I was the second child born to my family of origin, but the fourth to become a part of that family because my parents adopted before they had children born to them. I’m the middle child of seven, but my mother delivered only three babies. My folks kept adopting after they had the last child born to them. I am the middle kid, but the oldest son. That doesn’t tell my whole story.

As a result, it should come as no surprise to us that our people have had many different answers to the question, “Who are you and where did you come from?” Perhaps the most ancient answer to that question that we know is a story that goes, “A wandering Aramean was my ancestor; he went down into Egypt and lived there as an alien, few in number, and there he became a great nation, mighty and populous. When the Egyptians treated us harshly and afflicted us, by imposing hard labor on us, we cried to the Lord, the God of our ancestors; the Lord heard our voice and saw our affliction, our toil, and our oppression. The Lord brought us out of Egypt with a mighty hand and an outstretched arm, with a terrifying display of power, and with signs and wonders; and he brought us into this place and gave us this land, a land flowing with milk and honey.” (Deuteronomy 26:5b-9) Apparently we told that story so many times that it became a kind of liturgy that was said when gifts and tithes were made at the temple. It is a great story, but it doesn’t tell the whole story of who we are and where we came from.

In 589 BC, Nebuchadnezzar II laid siege to Jerusalem. The conflict ended with the destruction of the city and its temple in the summer of 587 or 586. Some of the survivors were hauled off in exile to Babylon. It was there, at a dark time in our history that they encountered the stories of others who were quite different from us. Those people told fantastic stories of multiple gods. They even had a long poem about human mortality and the eternity of gods. At that point in our story, our people had become staunchly monotheistic. They didn’t like the fact that their children were being taught a poem with multiple gods. Somewhere around the time, our people began to tell a different story about who we are and where we came from. In this story the origins of the universe are addressed, as had bene the case with the stories of our captors. We started to tell our story that began, “In the beginning when God created the heavens and the earth, the earth was a formless void and darkness covered the face of the deep, while a wind from God swept over the face of the waters.”

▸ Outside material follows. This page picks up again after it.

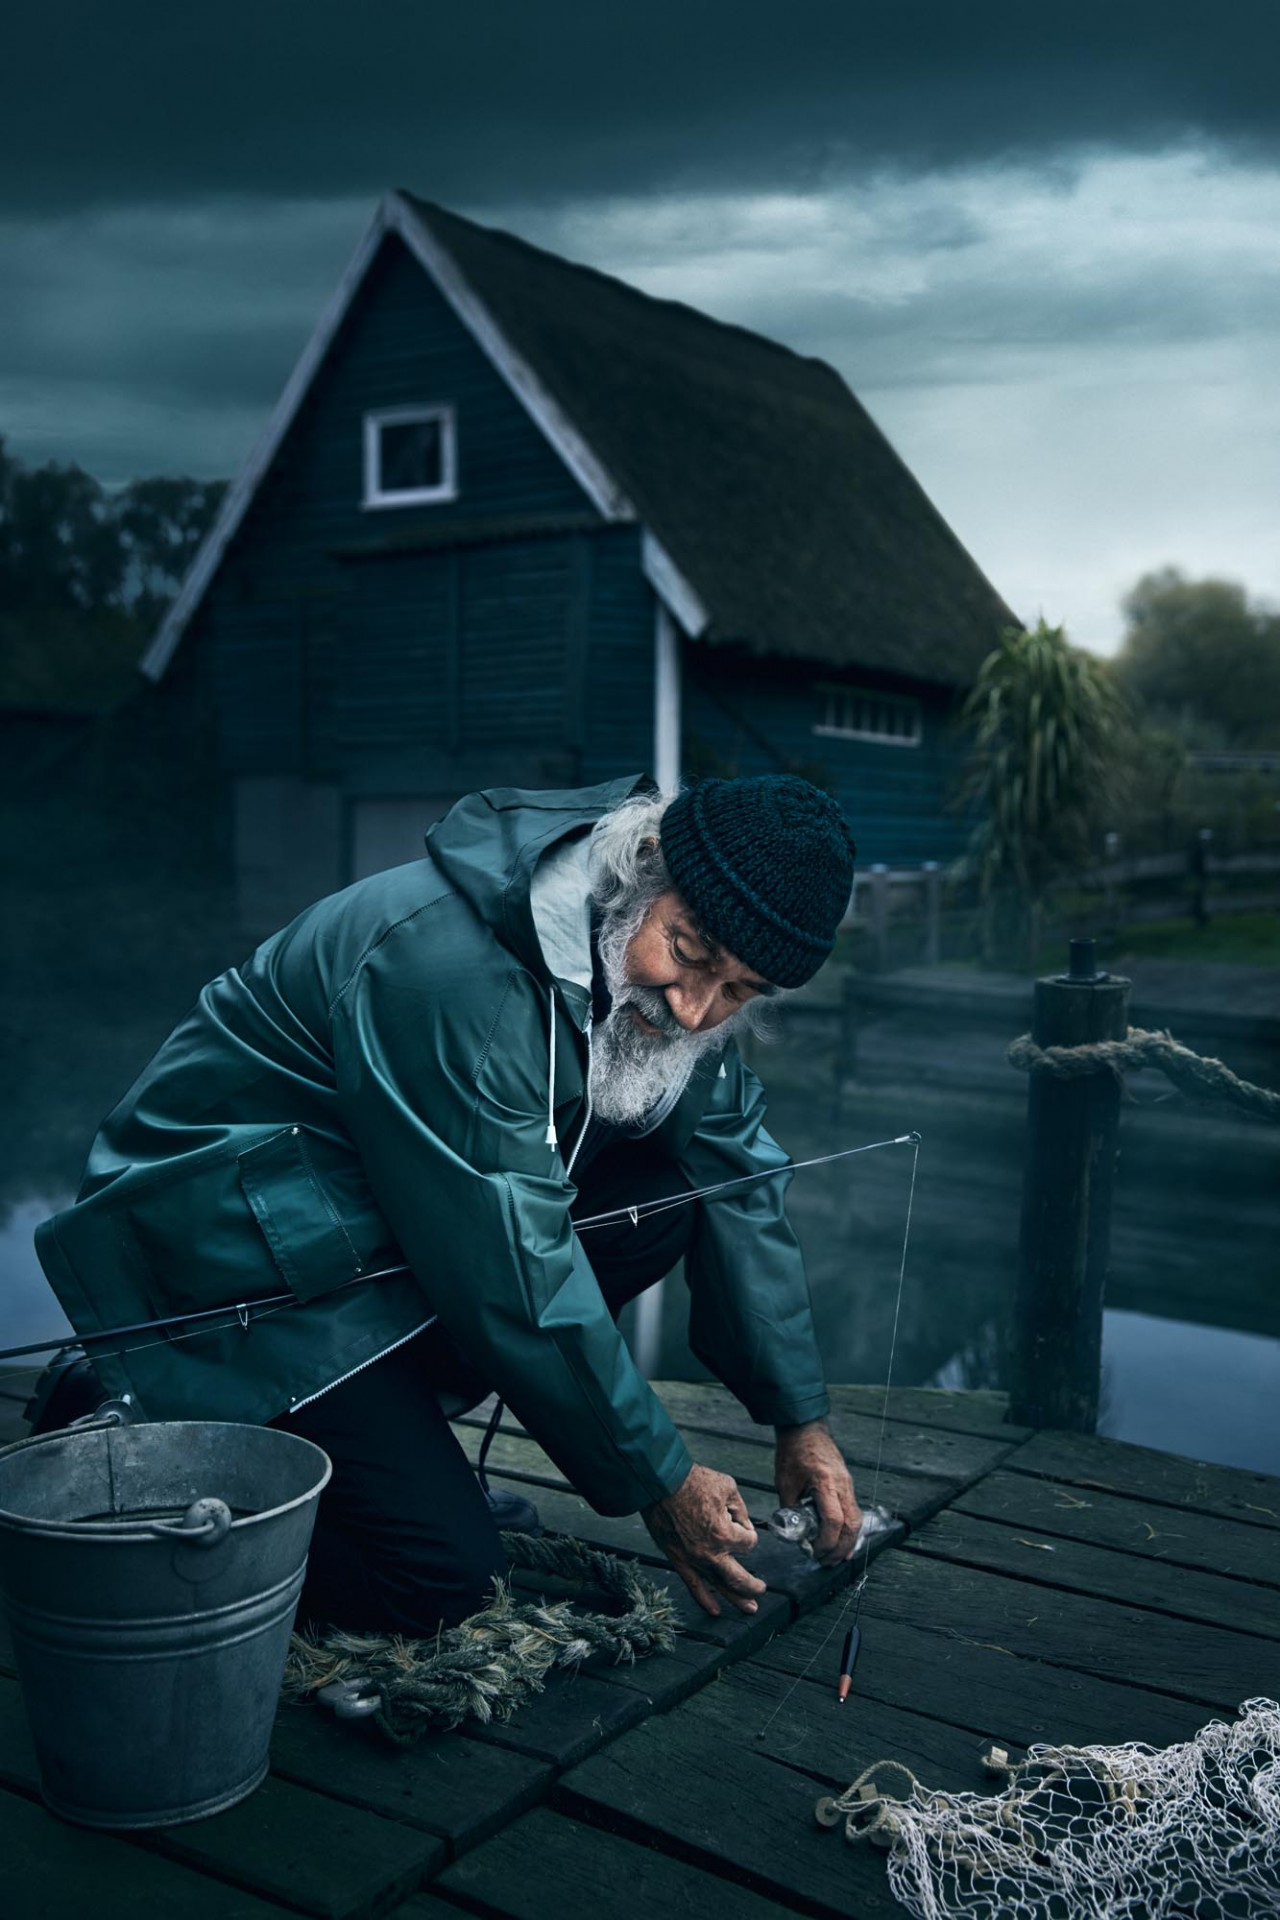 JULES ESICK FISHERMAN

Meanwhile, some of our people continued to live in Jerusalem under the government of the conquerers. They tried to maintain their way of life, language and religion, but they too sensed pressures on their culture. Their children were being taught strange stories by those in power. They were being exposed to ideas with which their parents disagreed. A story arose among our people that began, “These are the generations of the heavens and the earth when they were created. In the day that the Lord] God made the earth and the heavens, when no plant of the field was yet in the earth and no herb of the field had yet sprung up—for the Lord God had not caused it to rain upon the earth, and there was no one to till the ground; but a stream would rise from the earth, and water the whole face of the ground— then the Lord God formed man from the dust of the ground, and breathed into his nostrils the breath of life; and the man became a living being.”

When some of the exiles returned the two stories were put together, but they don’t read as a single story. Those two stories eventually got placed together at the beginning of a book that is simply known as ‘beginnings,” or Genesis. It tells part of our story. But it doesn’t tell all of it.

Over the years, we have found a lot of different ways of answering the question about who we are and where we have come from. None of our answers are complete. There is always more to the story. Those who cling to a single line from one of our stories or claim to understand everything because they have read part of the story still have much to learn. In that we can be drawn together because we all have much to learn.